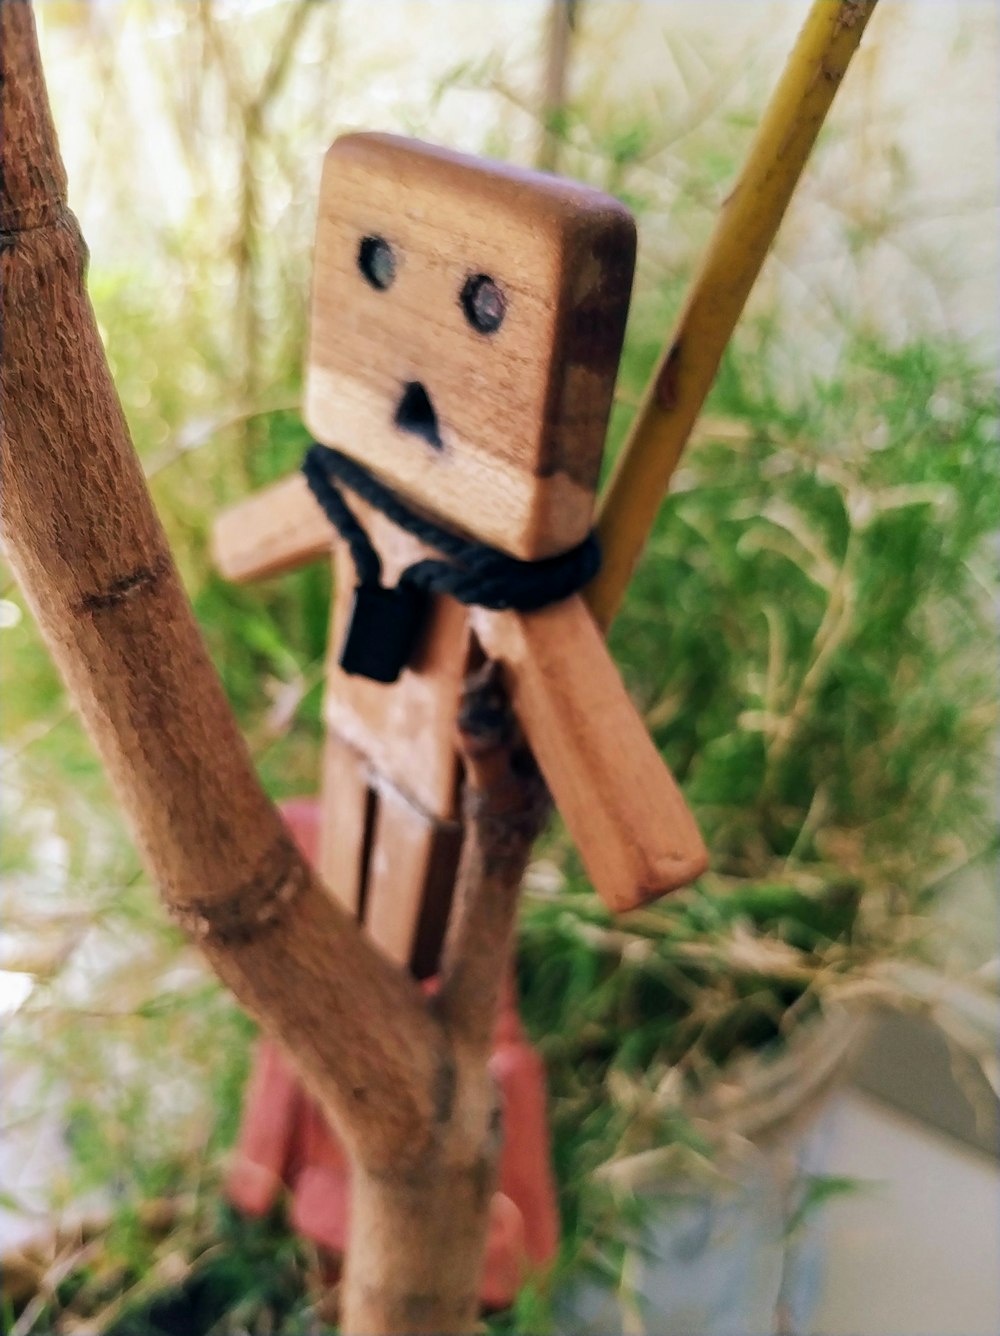 brown wooden character toy on wooden twig
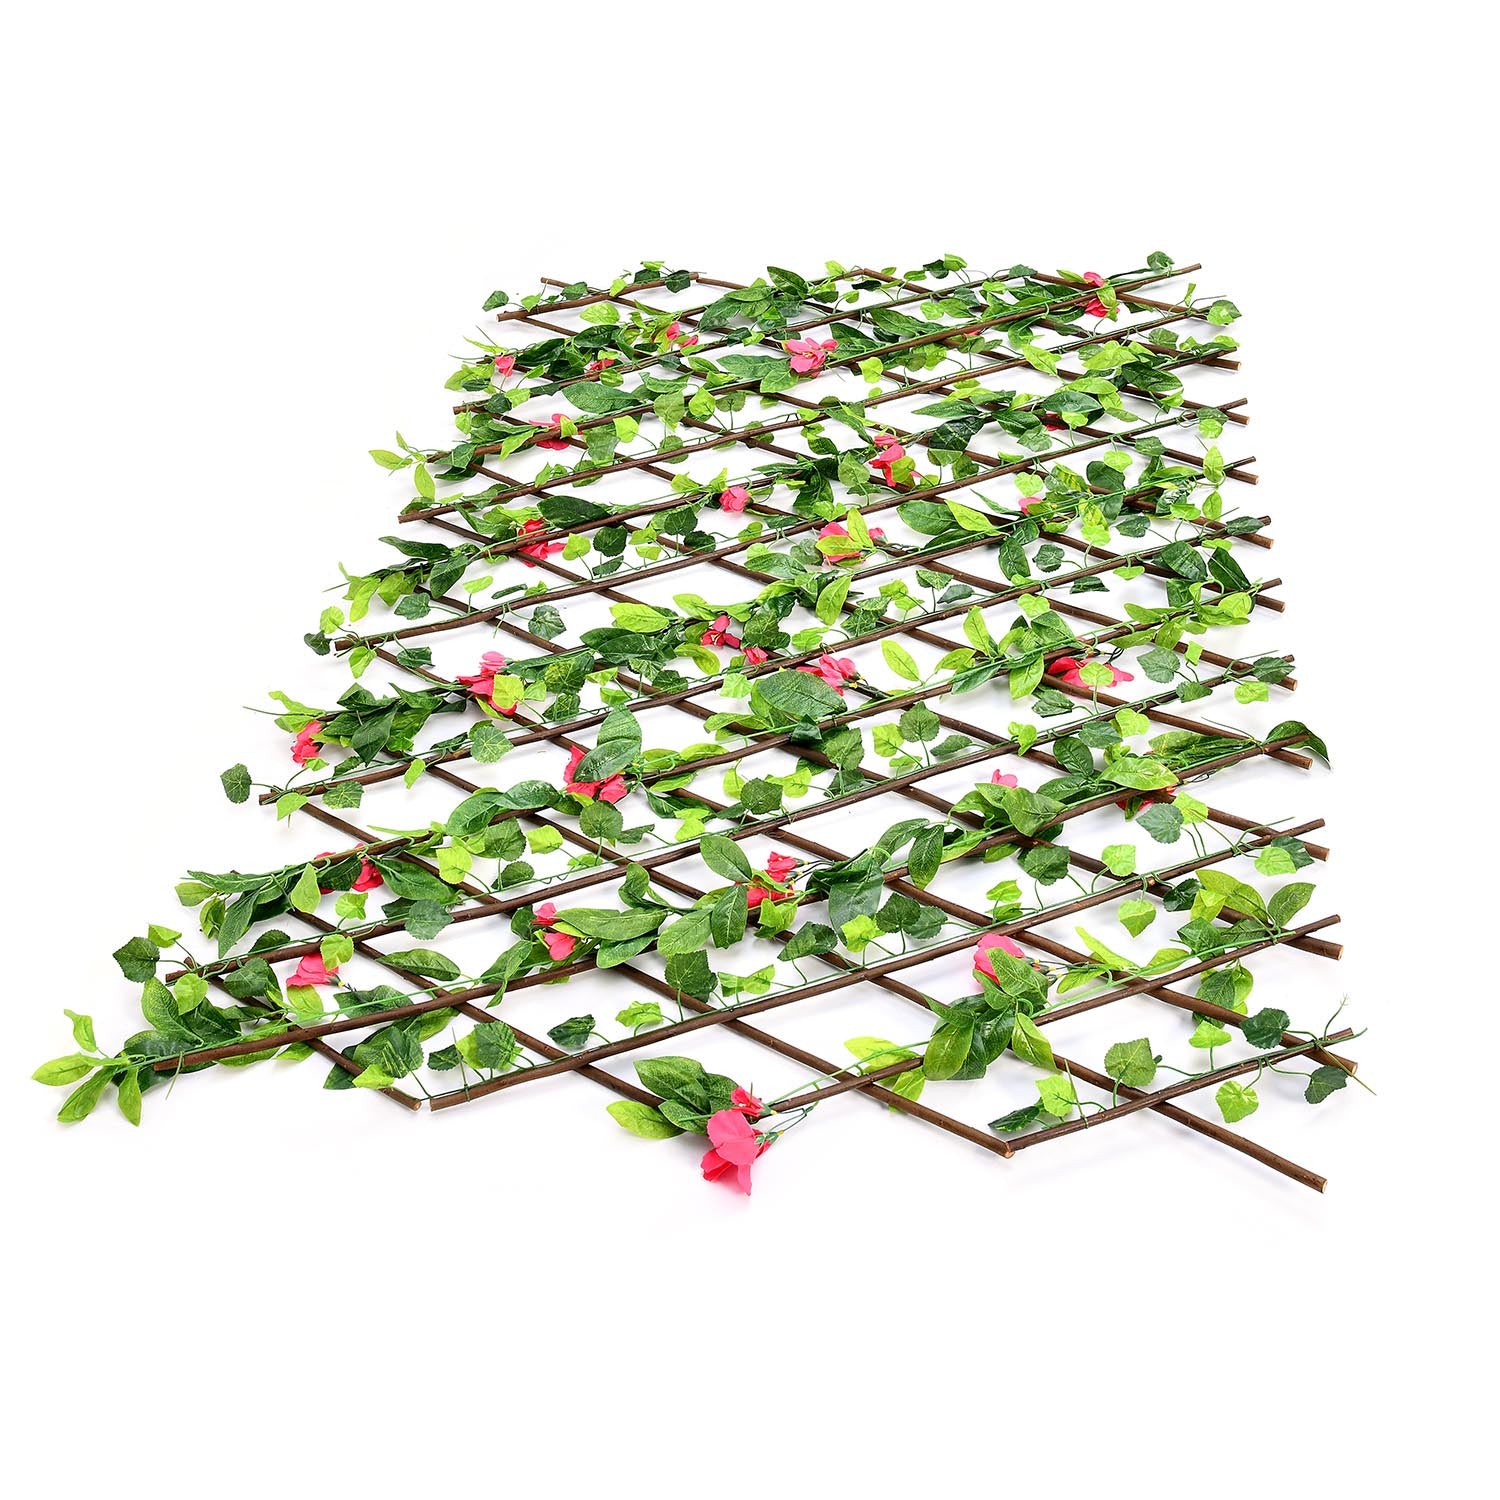 Expandable Fence With Flowers (Green & Red)
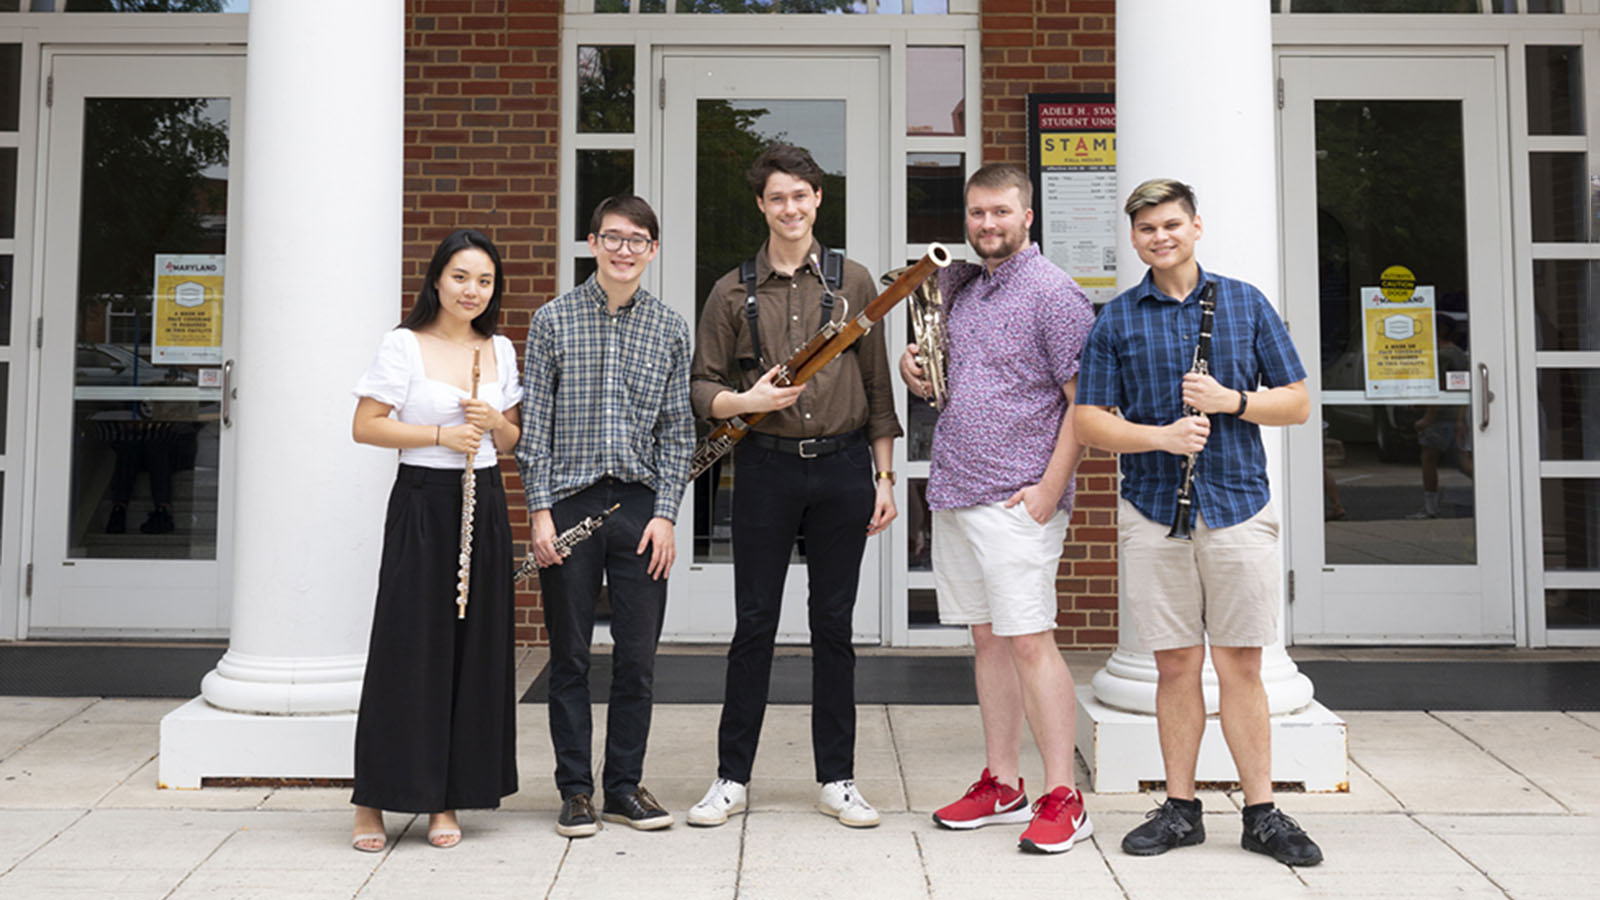 Ignis graduate fellowship woodwind quintet, from left to right: Danielle Kim with a flute, Nathaniel Wolff with an oboe, Christian Whitacre with a bassoon, Zachary Miller with a French horn, and Kyle Glasgow with a clarinet.
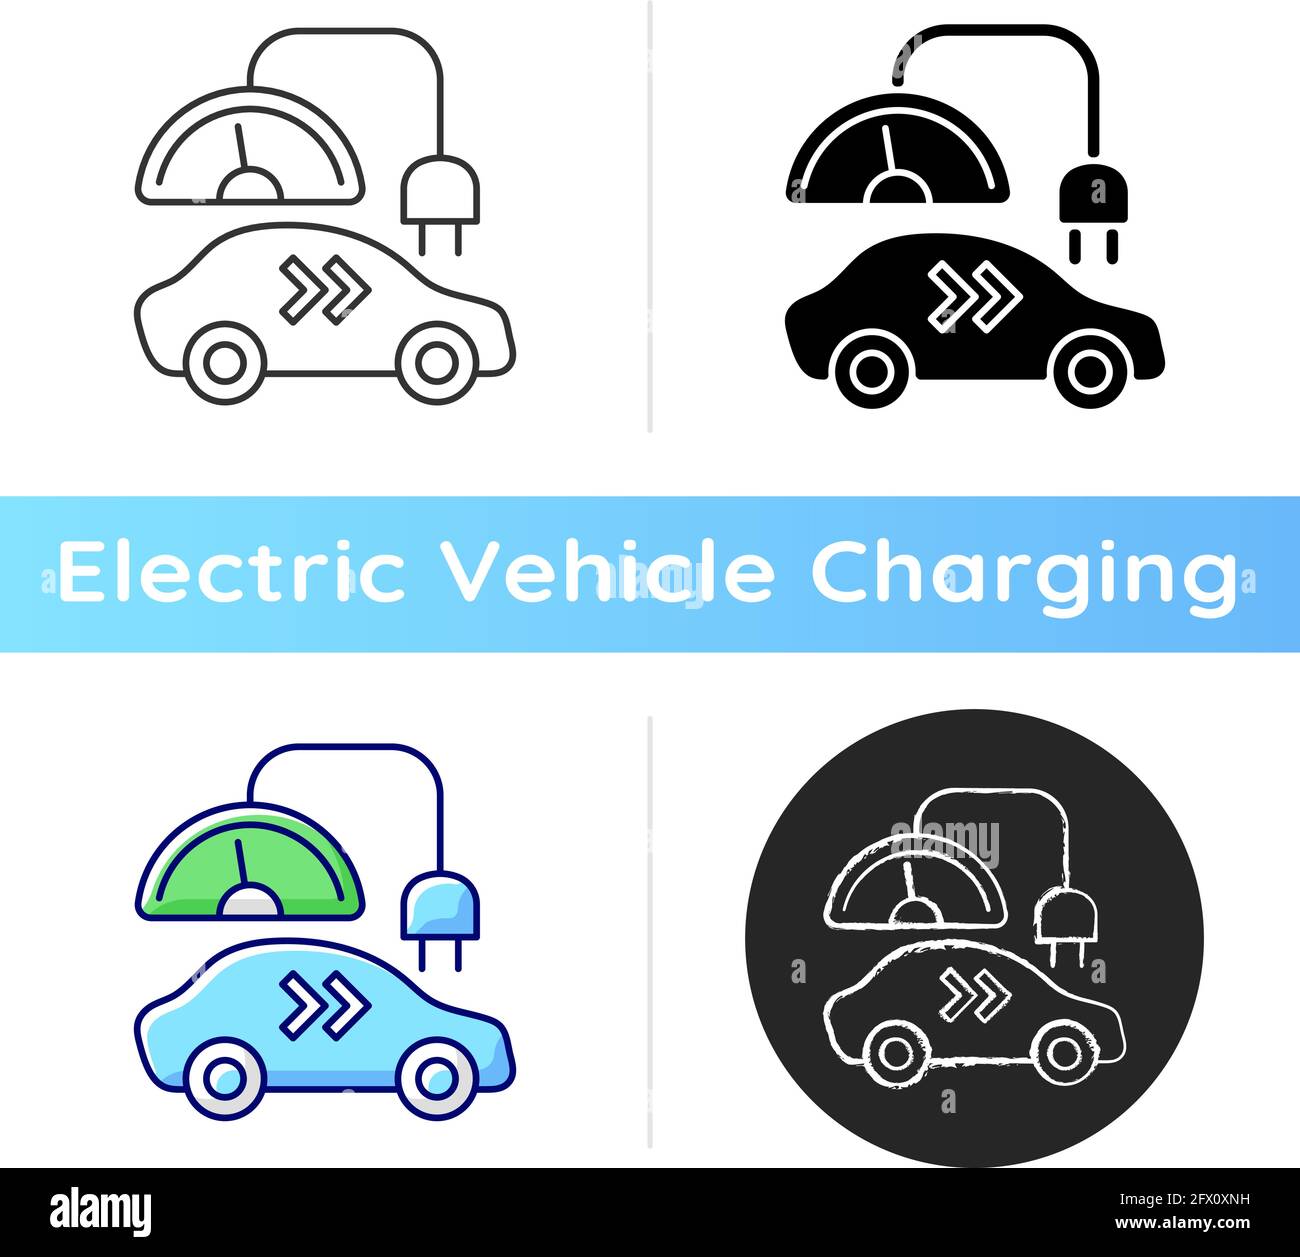 Level 2 charger icon Stock Vector

- - - -

▶ [Task item] Output all of the data word for word, excluding any pictures.

▶ [Answer to the exercise]
 brown wooden character toy on wooden twig
 Expandable Fence With Flowers (Green & Red)
 Ignis graduate fellowship woodwind quintet, from left to right: Danielle Kim with a flute, Nathaniel Wolff with an oboe, Christian Whitacre with a bassoon, Zachary Miller with a French horn, and Kyle Glasgow with a clarinet.
 Level 2 charger icon Stock Vector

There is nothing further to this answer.